One technique for doing this can be with git bisect. A sequence of commits on top of develop that each make a single, small change to the pipeline can be fed to git bisect run with a script that rebuilds the frontend and runs the tests. git bisect will then find the first commit that breaks something, giving us changes before it that can be made, and a breaking change that we can investigate to help fill in missing documentation or make a refactoring.

@gtrepta
Copy link
Contributor Author

gtrepta commented Feb 9, 2024

I had a look at the duplicate pairs of generateSortPredicateSyntax and generateSortProjections in the pipeline, seeing how many stages I could remove between them.

For reference, here's how the stages are set up currently:

.andThen(generateSortPredicateSyntax)
.andThen(generateSortProjections)
.andThen(constantFolding)
.andThen(propagateMacroToRules)
.andThen(expandMacros)
.andThen(checkSimplificationRules)
.andThen(guardOrs)
.andThen(AddImplicitComputationCell::transformDefinition)
.andThen(resolveFreshConfigConstants)
.andThen(resolveFreshConstants)
.andThen(generateSortPredicateSyntax)
.andThen(generateSortProjections)

And here's after I moved what I could:

            .andThen(constantFolding)
            .andThen(propagateMacroToRules)
            .andThen(guardOrs)
            .andThen(resolveFreshConfigConstants)
            .andThen(generateSortPredicateSyntax)
            .andThen(generateSortProjections)
            .andThen(expandMacros)                                    //
            .andThen(AddImplicitComputationCell::transformDefinition) // Only these three remain
            .andThen(resolveFreshConstants)                           //
            .andThen(generateSortPredicateSyntax)
            .andThen(generateSortProjections)
            .andThen(checkSimplificationRules)

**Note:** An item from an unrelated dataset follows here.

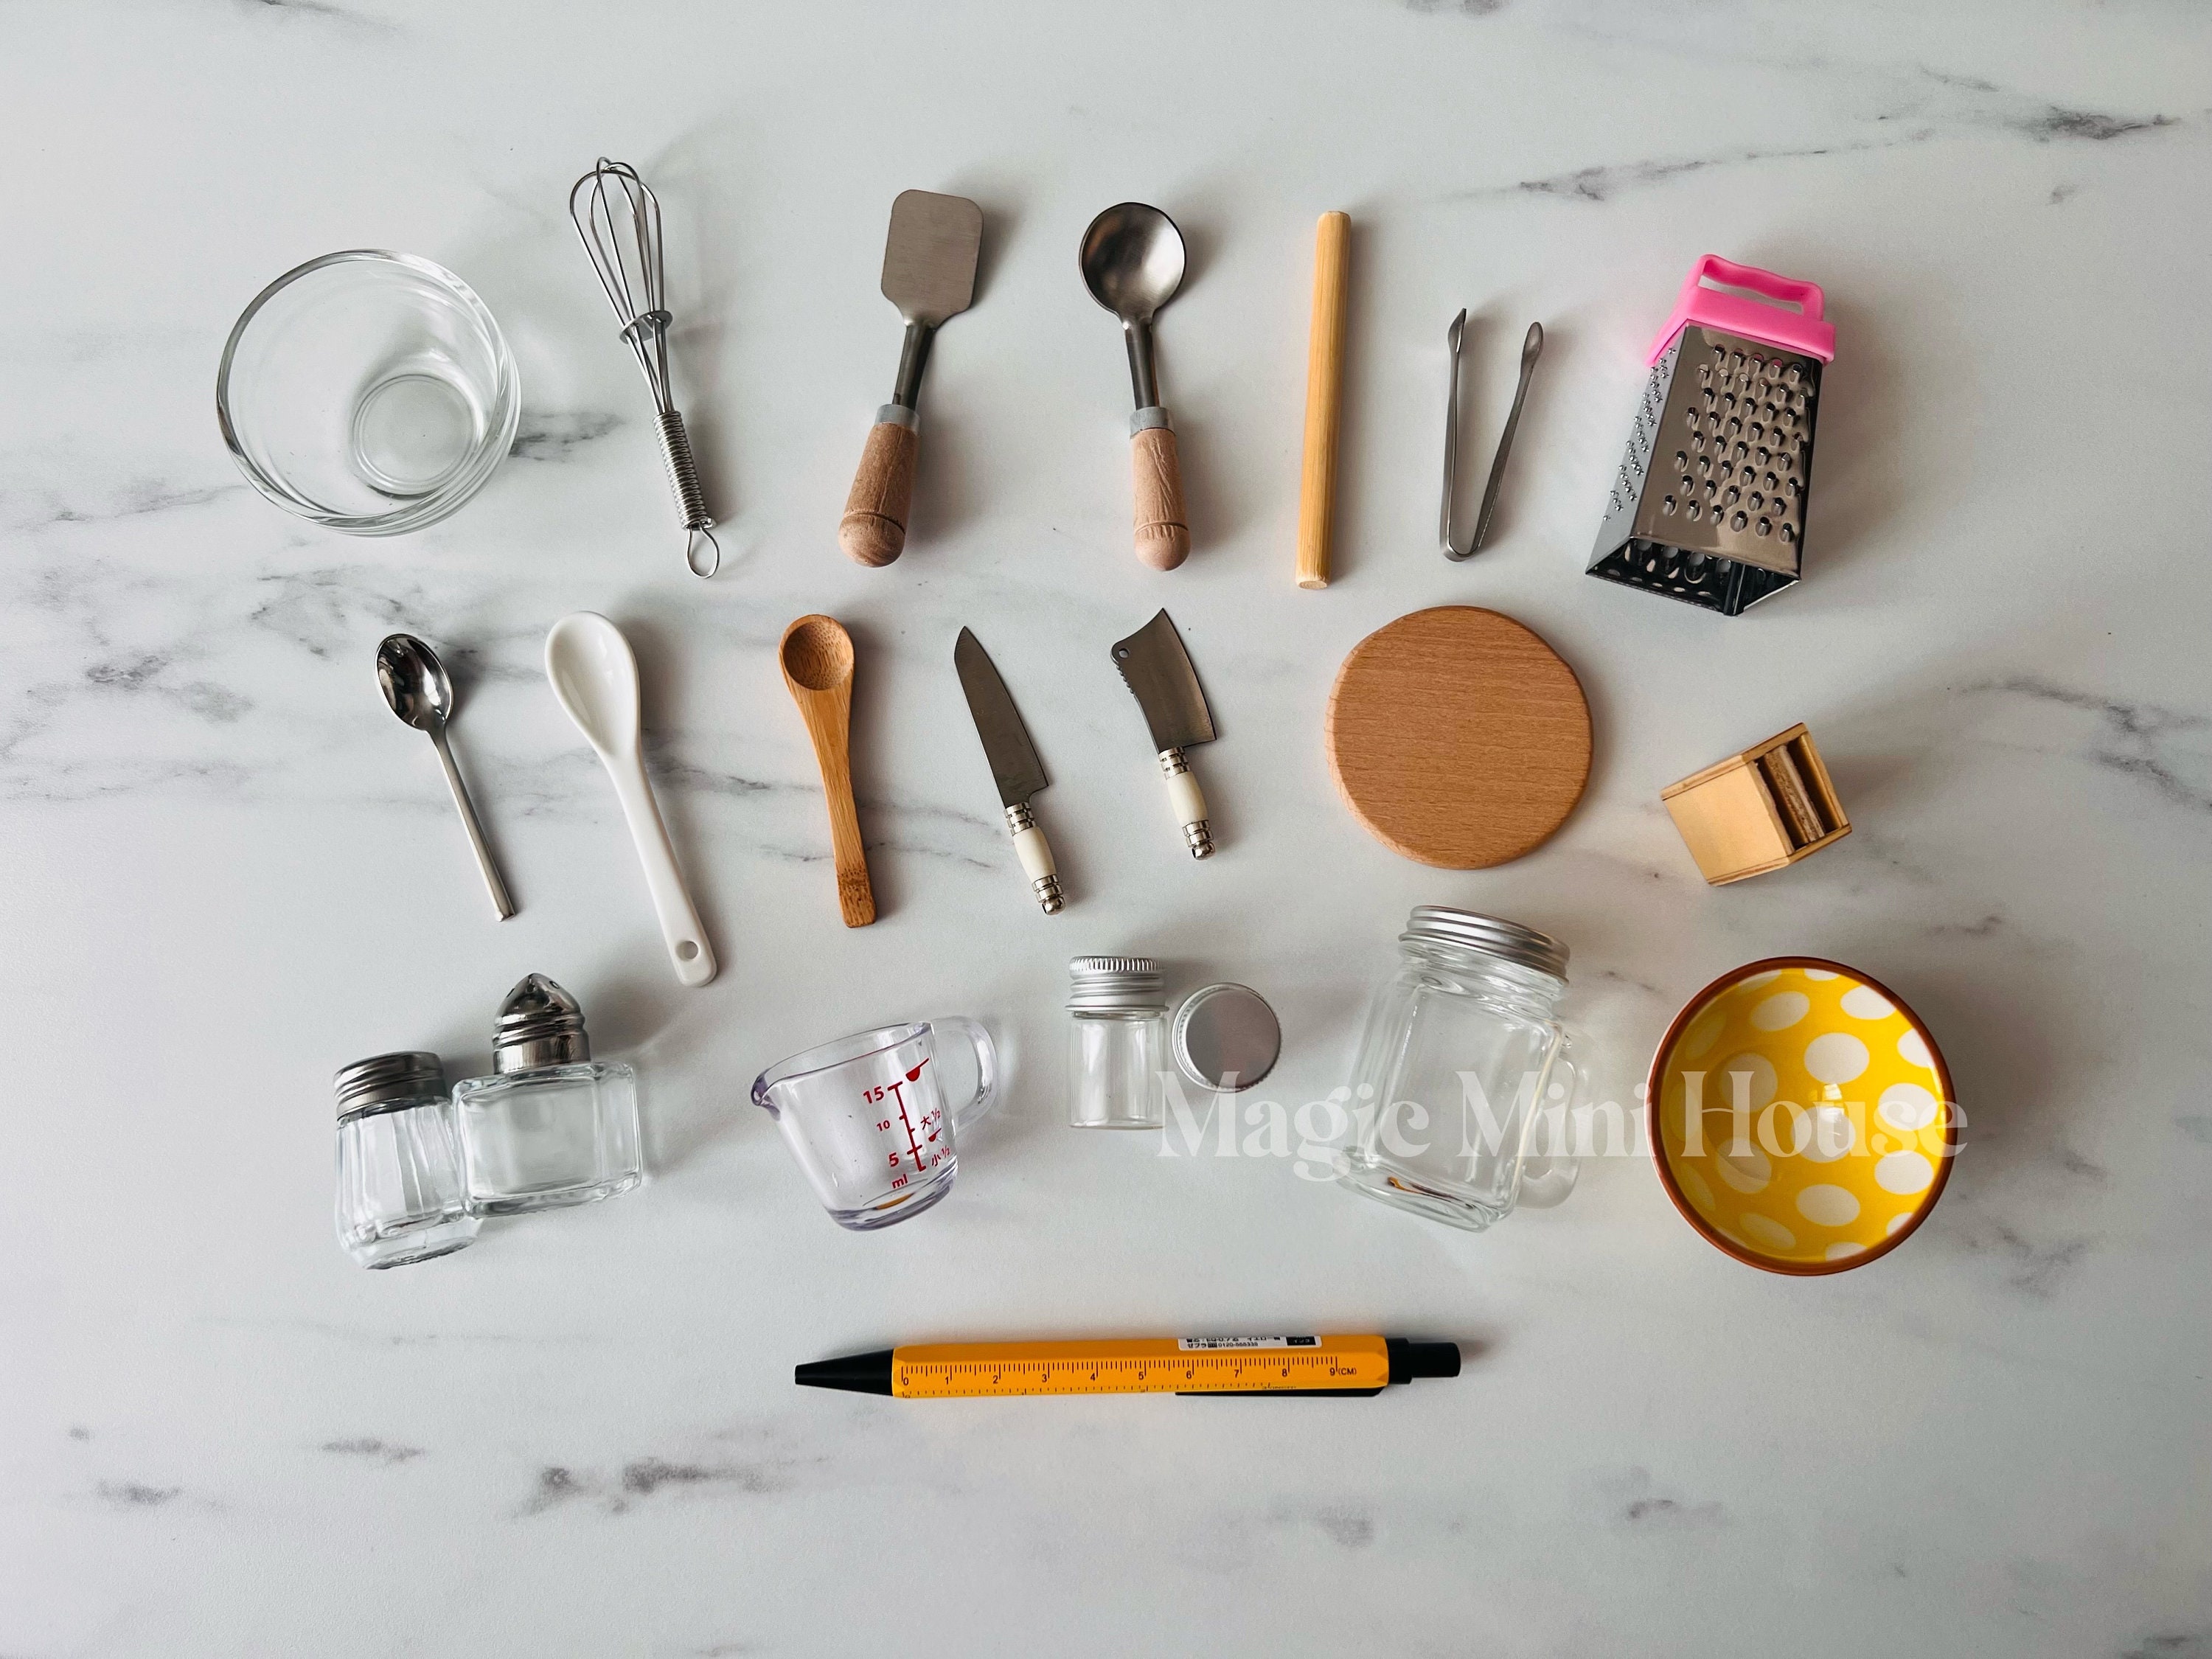 Kitchen & Table by H-E-B Measuring Spoon Set

The regression tests still pass with this setup. The definitions in the profiling tests also kompile without issue, and identical definition.kore files get generated as on develop. So it feels pretty safe to make a PR, but I'll try some more testing downstream. The symbolic backends aren't exercised very much here.

@gtrepta
Copy link
Contributor Author

gtrepta commented Feb 12, 2024

I've compared the definition.kore files generated on evm-semantics and wasm-semantics and they're identical. I also compared all of the definitions in the regression tests, and they differ, but it only appears to be the ordering and numbering of some sentences. I feel confident enough to open a PR for this, and leave the decision to merge it in up for review.

@gtrepta
Copy link
Contributor Author

gtrepta commented Feb 12, 2024

Here's the script I've been using for git bisect run to build and run tests:

#!/usr/bin/bash

set -exuo pipefail

PWD="$(pwd)"
K_BIN="${PWD}/k-distribution/bin"
LOG_DIR="${PWD}/bisect-log"
COMMIT=$(git rev-parse --short HEAD)

trap "${K_BIN}/stop-kserver || true" INT TERM EXIT
mkdir -p "${LOG_DIR}"
${K_BIN}/stop-kserver || true # make sure no kserver is running

mvn package -DskipTests -Dproject.build.type=Debug -T1C

${K_BIN}/kserver &> /dev/null &

cd k-distribution/tests/regression-new

make clean
make -j8 -O |& tee ${LOG_DIR}/${COMMIT}.out

@Baltoli
Copy link
Collaborator

Baltoli commented Feb 13, 2024

We should carry on this line of investigation; we could do the following:

  • Chunk up the pipeline and see what passes depend on each other implicitly
  • Check idempotency f(f(x)) == f(x)
  • More duplicate passes (number sentences, ...)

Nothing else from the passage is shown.